The Apocalypse as political allegory


Scholars commonly view the Book of Revelation as a political allegory. The real target is Rome, but John must use code language to protect the recipients. If he were pen an open indictment of the Roman regime, his recipients would be persecuted as enemies of the state.

I think there's some truth to this. A classic example is Dostoevsky's the Grand Inquisitor in the Brothers Karamazov. Although he's a Roman Catholic figure, Dostoevsky's real target is the Russian Orthodox Church. But he couldn't get away with attacking that directly, so he uses the Grand Inquisitor as a stand-in.

However, the logic of the allegorical interpretation doesn't automatically select for a 1C setting. Suppose, for the sake of argument, that God gave John a preview of the rise of Stalinism or Nazism. That would need to be coded for the same reason that targeting the Roman regime would need to be coded. It gives the recipients plausible deniability.

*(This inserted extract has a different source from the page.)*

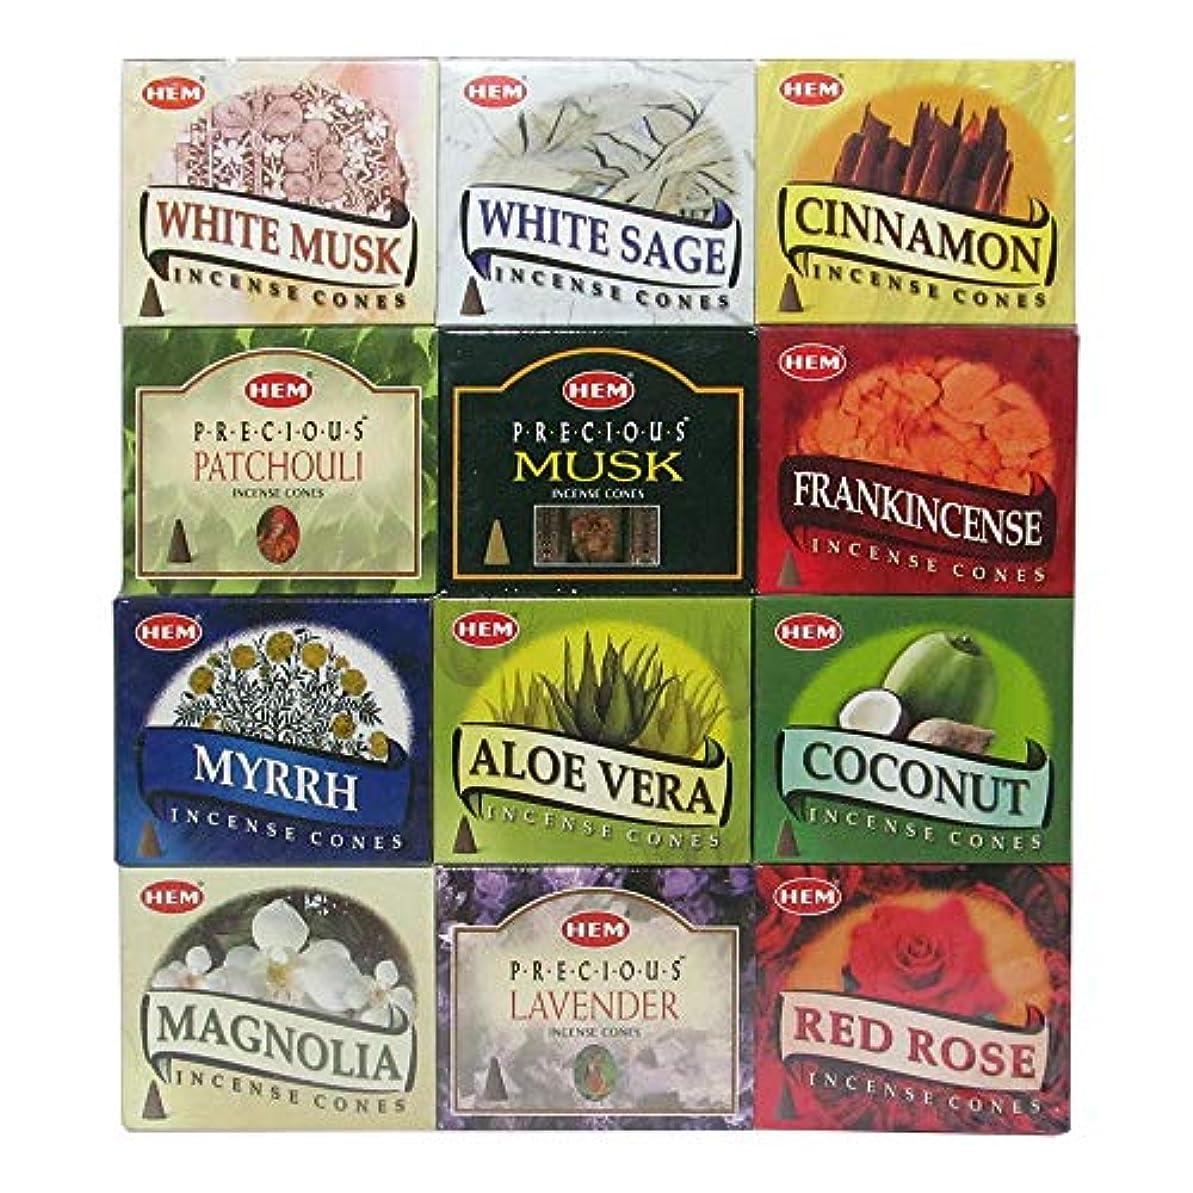 流行しているスポーツマン素晴らしき12 Assorted Boxes of HEM Incense Cones, Best Sellers Set 12 X 10 (120 total)

If a book of the Bible were to directly attack Stalinism or Nazism, that would lead those regimes to ban the Bible. Confiscate copies. Mere ownership of Scripture would be a capital offense. If the regime could recognize itself in the description, it would treat that as seditious literature.  

So the fact that Revelation is, to some degree, a political allegory, doesn't select for preterism. For that's equally consistent with futurism. Or "modified idealism."

I think John's original recipients were able to discerned a veiled attack on Rome. But I also think the cryptic symbols can just as well apply to later events. It deals with certain kinds of figures, institutions, and events.